Restate the data word for word and leave the images out.

▶ _Given information_:
* * * * * * *
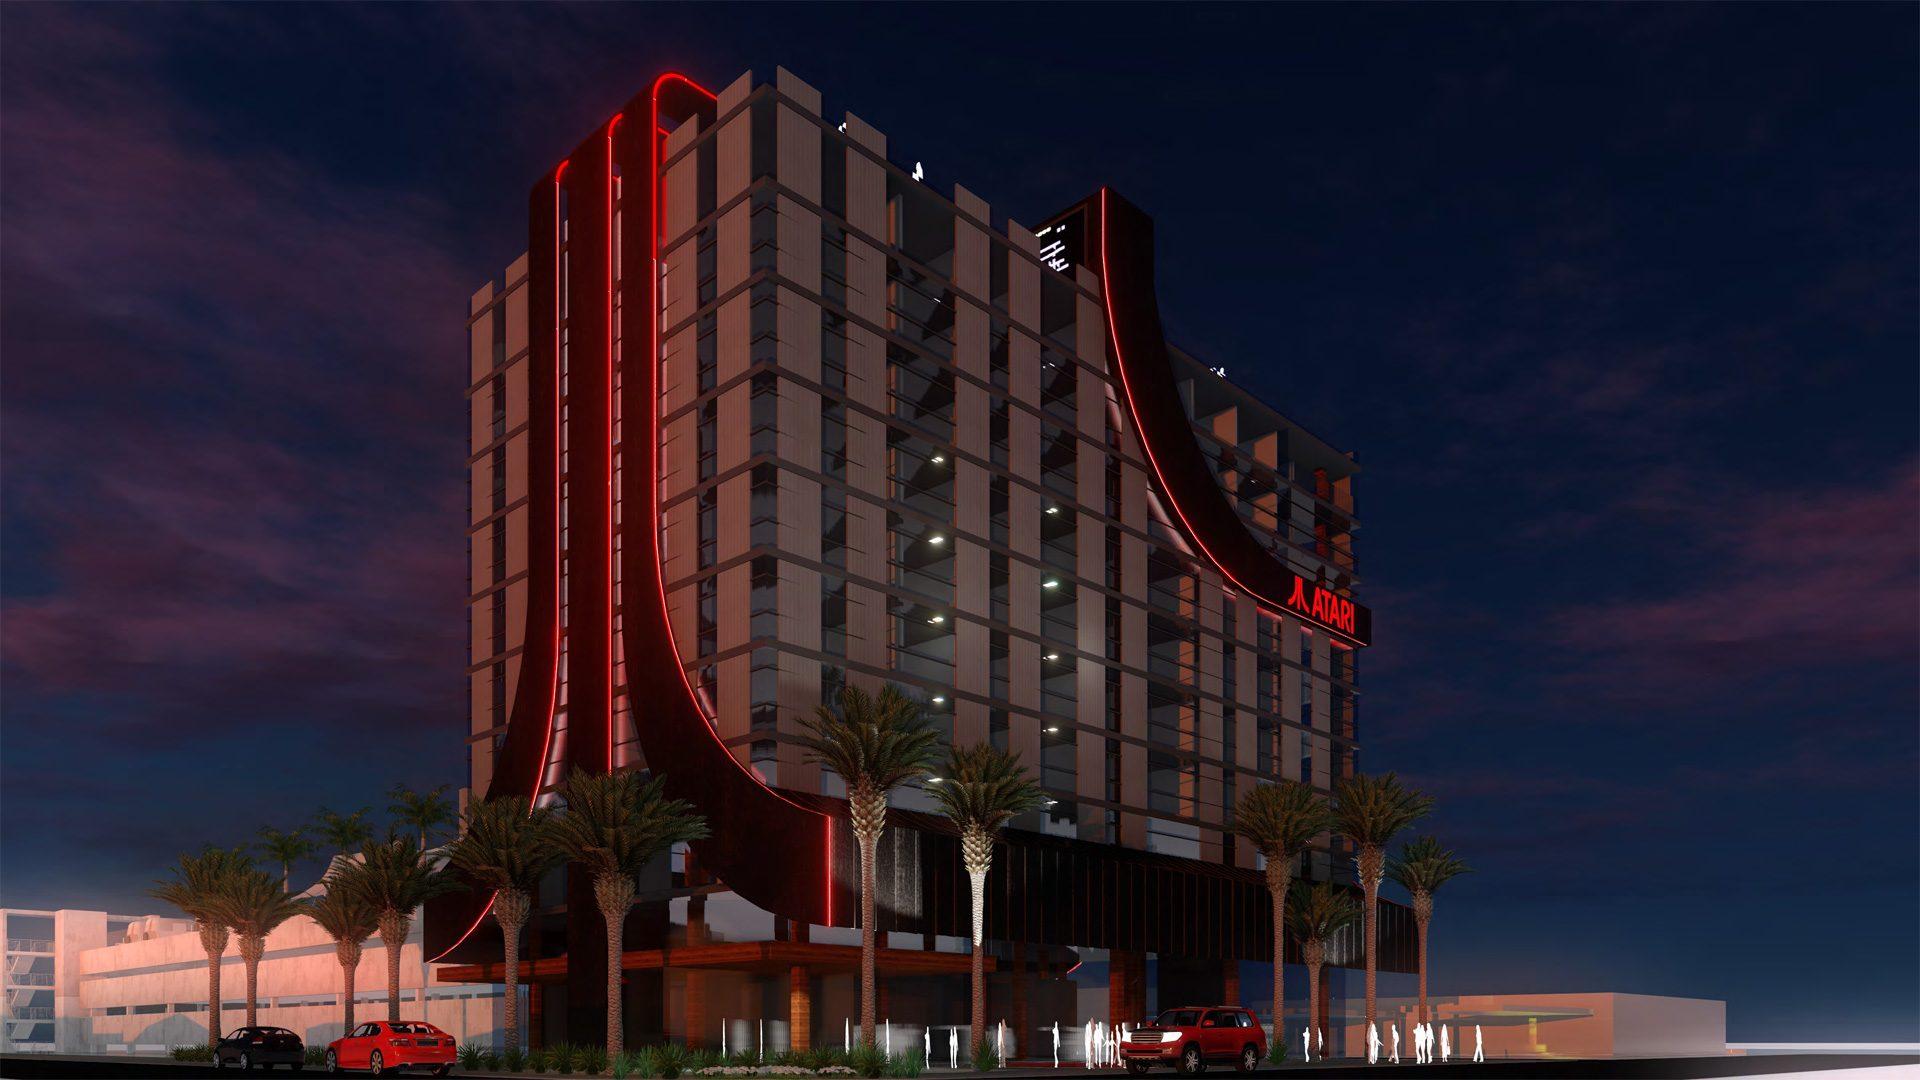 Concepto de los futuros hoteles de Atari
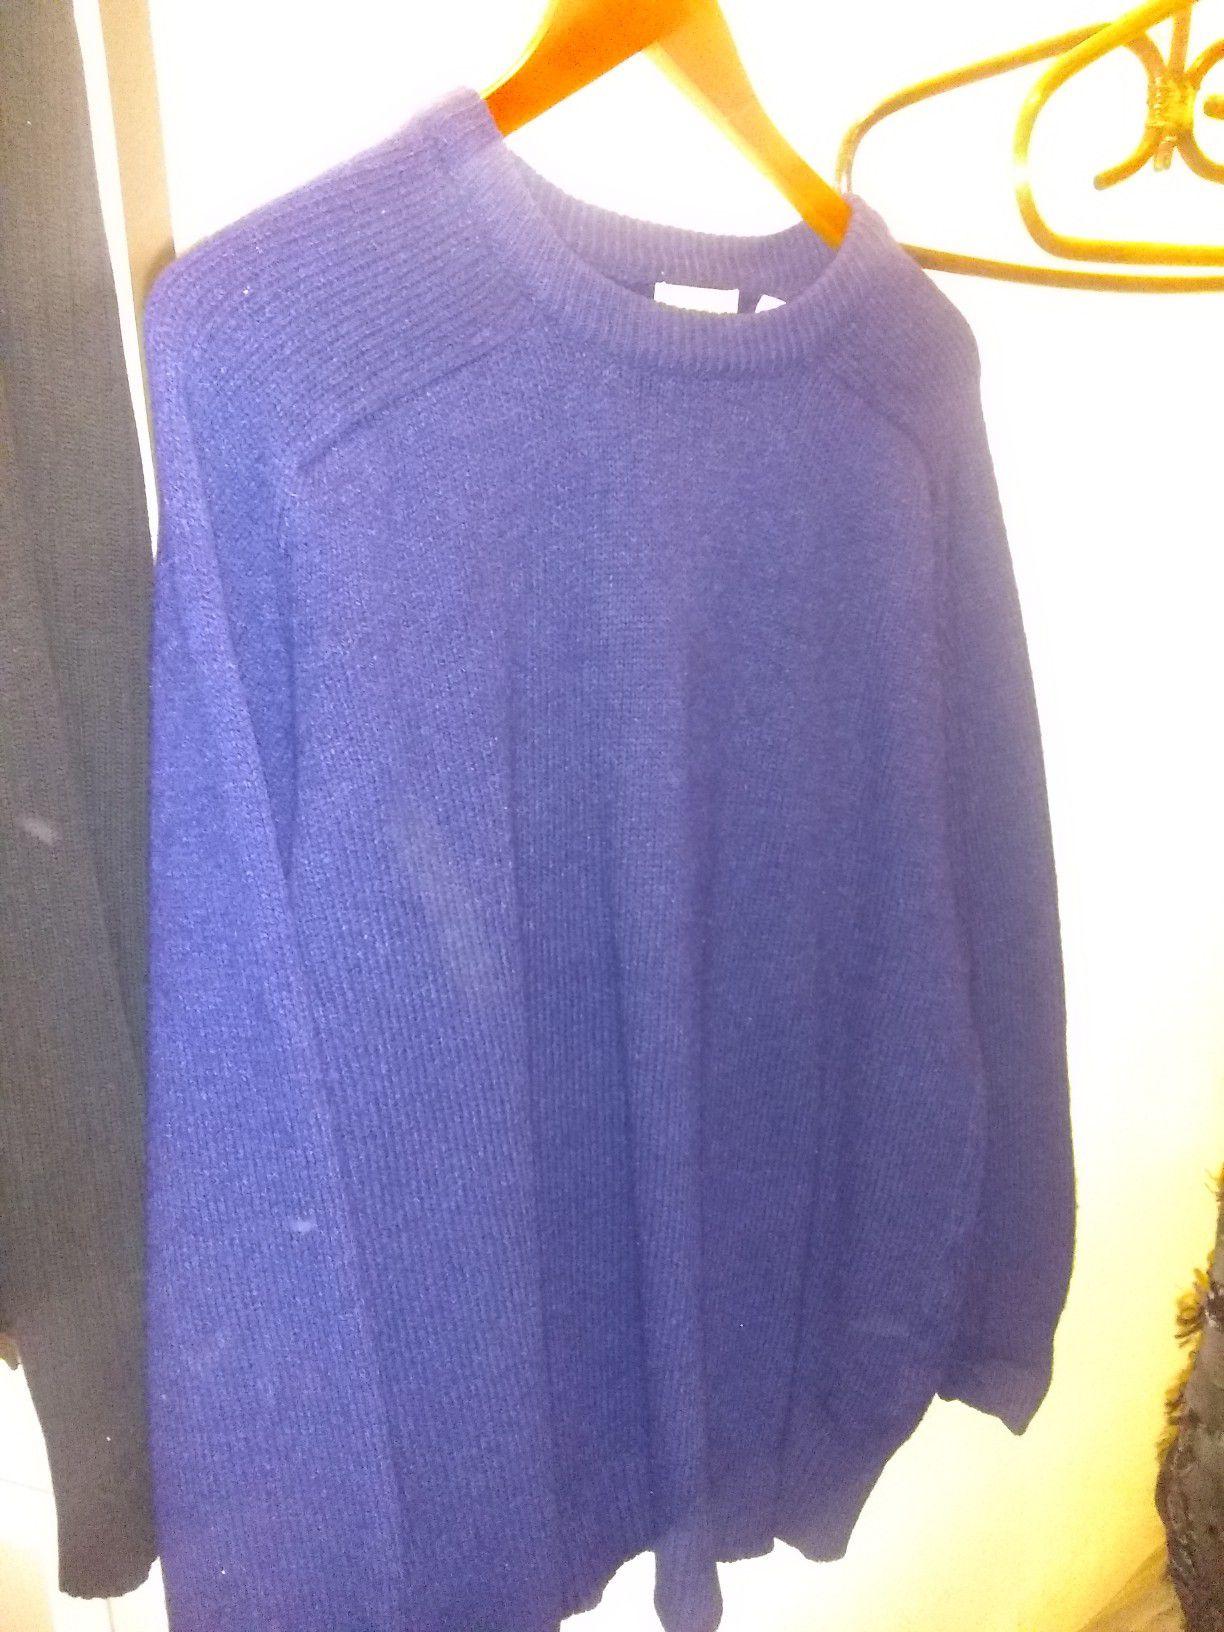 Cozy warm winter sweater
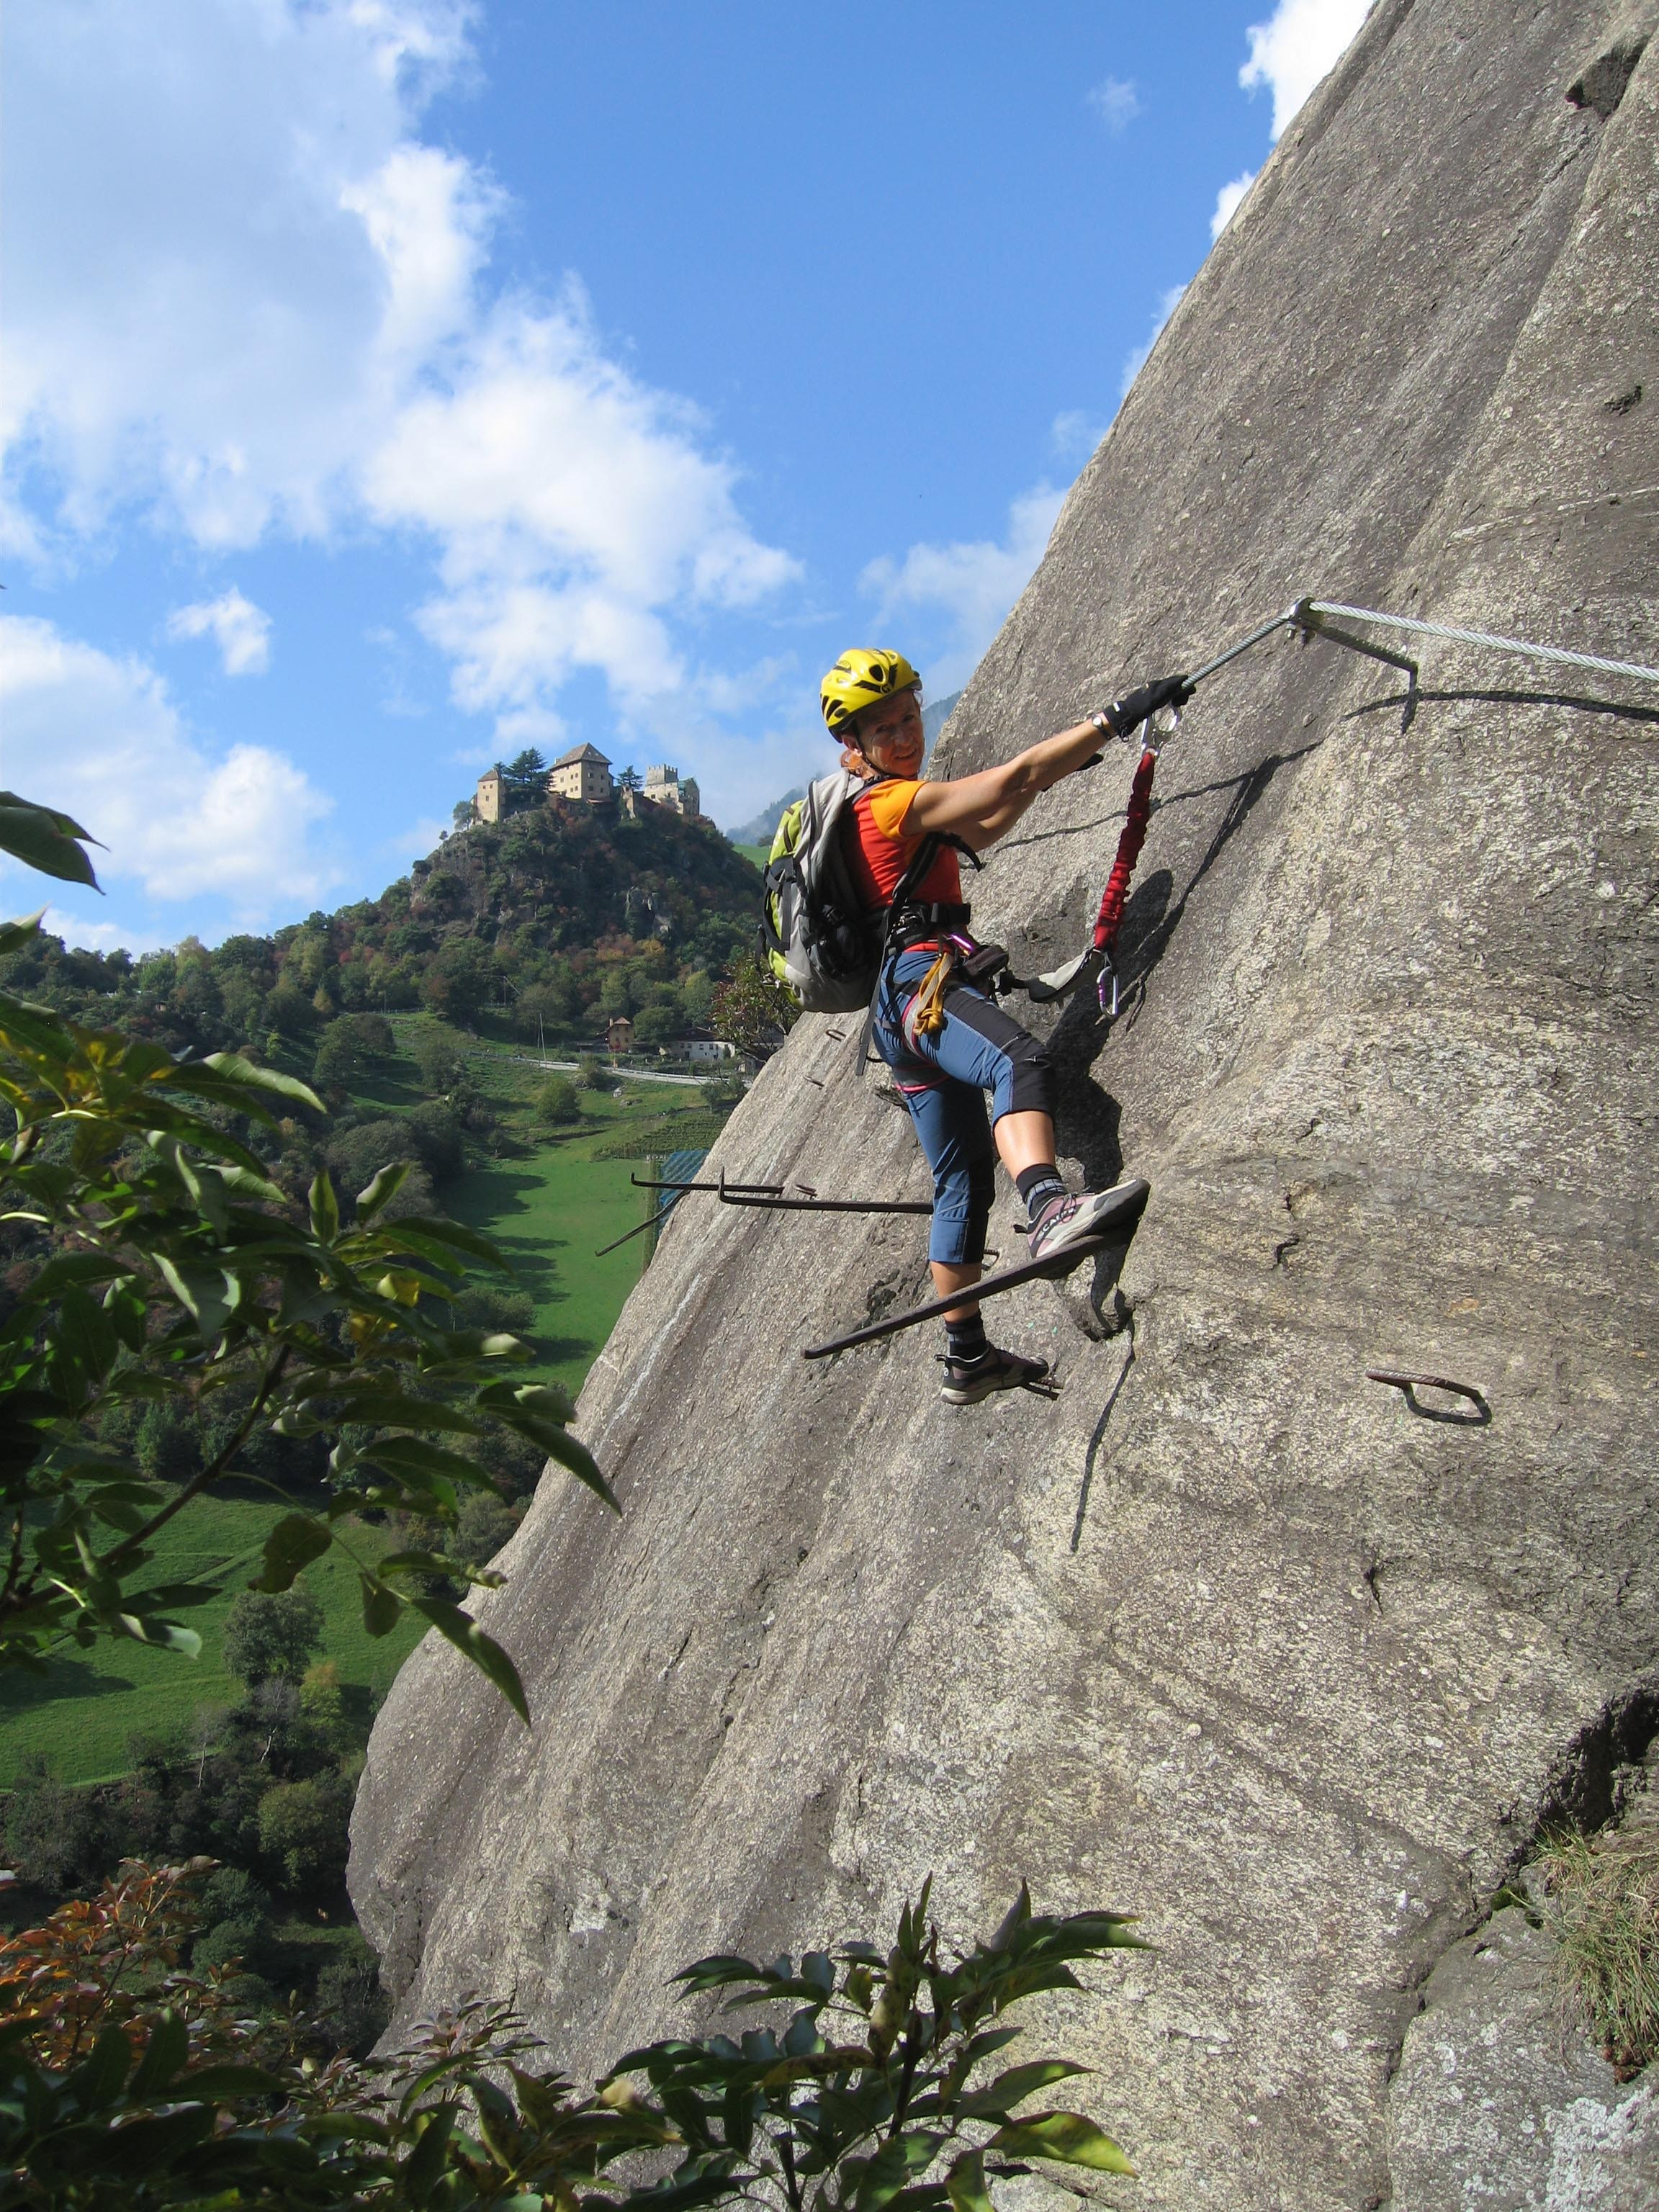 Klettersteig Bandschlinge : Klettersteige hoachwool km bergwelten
* * * * * * *
▶ _Exercise output_:
 Concepto de los futuros hoteles de Atari
 Cozy warm winter sweater
 Klettersteig Bandschlinge : Klettersteige hoachwool km bergwelten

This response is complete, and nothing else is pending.